The waveguide properties
including the mode pattern and the effective index were simulated using
the beam propagation method (BPM_CAD, Opti-Wave Inc., Canada). The
effective index of the waveguide is 1.5447 from the simulation. The Bragg
wavelength is 1553.9 nm as calculated from the Bragg reflection condition.
The transmission of the optical filter was also calculated by using
coupled mode theory[7]. The calculated transmission minimum of the optical
filter is -19.5dB. The spectral characteristics of the optical filter were
measured using an optical spectrum analyzer (Q8384 Optical Spectrum
Analyzer, Advantest Inc., Japan). Again, an amplified spontaneous emission
(ASE) light source with a wavelength range from 1530 to 1560 nm was used
as the wide band light source.
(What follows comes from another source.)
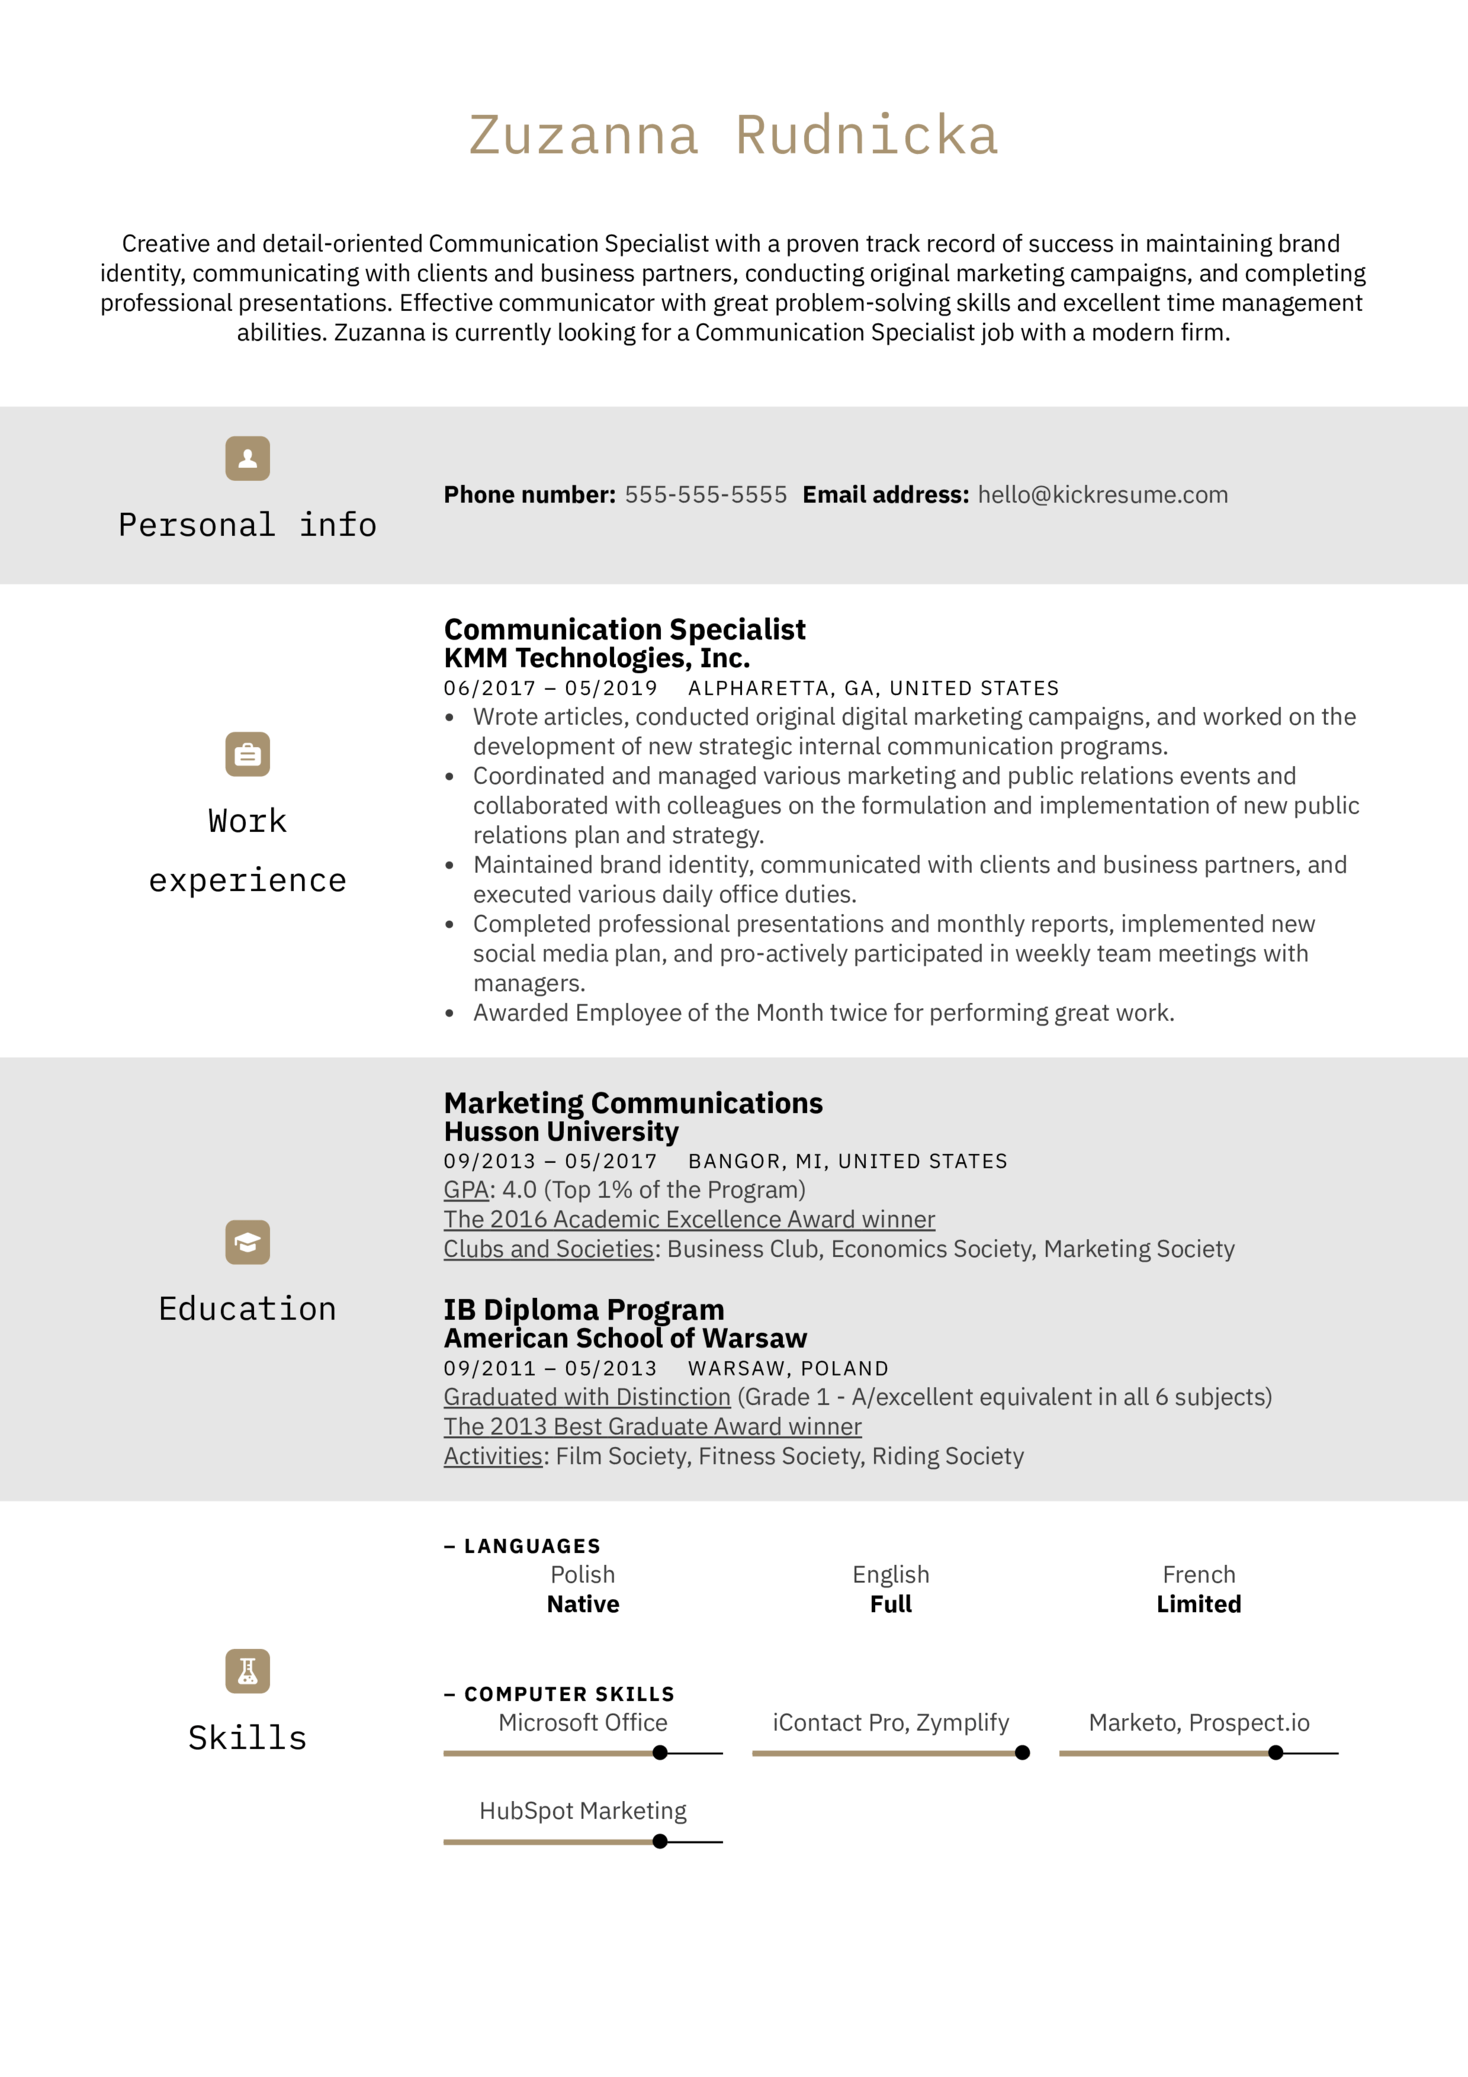 Communication Specialist Resume Sample (Parte 1)

An alignment He-Ne laser source, as the
auxiliary source, was combined with the wide band source using a 2×1
optical fiber coupler. The optical filter was set on a micro-positioner,
and two single mode fibers were used as the input and output fibers. The
input light source was polarized in the TE direction as was the mode field
measurement system. The output fiber, then, was connected to the optical
spectrum analyzer to characterize the filter performance. The measured
result is shown in Fig.3. At the Bragg wavelength, a transmission dip of
–18.5 dB was obtained, and the 3-dB-transmission bandwidth was about 8nm.
The result is consistent with the calculation of the coupled mode theory.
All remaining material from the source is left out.